Artist Lecture: Paul Mpagi Sepuya
Sat 27 Jan, 3pm–4.30pmJoin the artist Paul Mpagi Sepuya for a lecture that gives insight to his practice and work on display at Nottingham Contemporary in his exhibition Exposure.
Through his portraiture, Sepuya challenges the history of photography and deconstructs traditional portraiture by way of exposing, layering, fragmentation, mirror imagery, and the perspective of the black, queer gaze.
The lecture will be followed by a Q&A with Ali Roche, the Chief Curator of Exhibitions and Live Programmes at Nottingham Contemporary.
About the event
Free for all.
Limited Capacity.
Booking is required.
The duration of the event is one hour and a half. Seating is available.
Access
Find information about getting here and our building access and facilities here.
This event will be held in The Space.
Speakers will use microphones.
This event is wheelchair accessible.
If you have any questions around access or have specific access requirements we can accommodate, please get in touch with us by emailing info@nottinghamcontemporary.org or phoning 0115 948 9750.
Paul Mpagi Sepuya (b. 1982, San Bernardino, CA) is a Los Angeles-based artist working in photography.
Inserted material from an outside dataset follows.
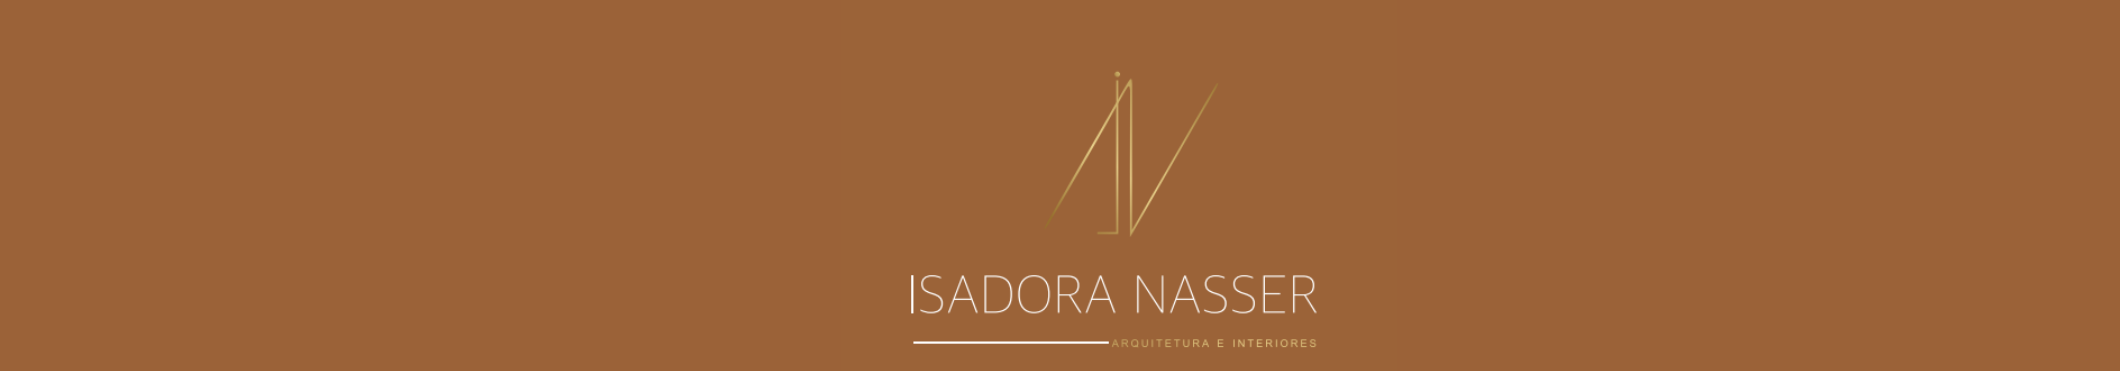 Isadora Nasser's profile banner

His work is in the collections of the Getty Museum, Guggenheim Museum, Hammer Museum, LACMA, MoMA, SFMoMA, the Studio Museum in Harlem, and the Whitney Museum, the Stedelijk, Tate Modern, Victoria & Albert Museum and among others. His work has been featured in the New Yorker, the New York Times, Art in America, The Nation, and The Guardian, and on the cover of ARTFORUM’s March 2019 issue. Recent museum exhibitions include those at the Barbican Centre, the Guggenheim Museum, the Getty Museum, the Whitney Museum, SFMOMA. A survey of work from 2006-2018 was presented at CAM St. Louis and Blaffer Art Museum in 2019 - 2020. His most recent body of work “Daylight Studio / Dark Room Studio” has been exhibited in solo exhibitions at Vielmetter Los Angeles and the Deichtorhallen in Hamburg in Fall 2022 and simultaneous Summer 2023 solo exhibitions at Galerie Peter Kilchmann in Paris and Zürich. He is Associate Professor in Media Arts and MFA Program Director at the University of California San Diego.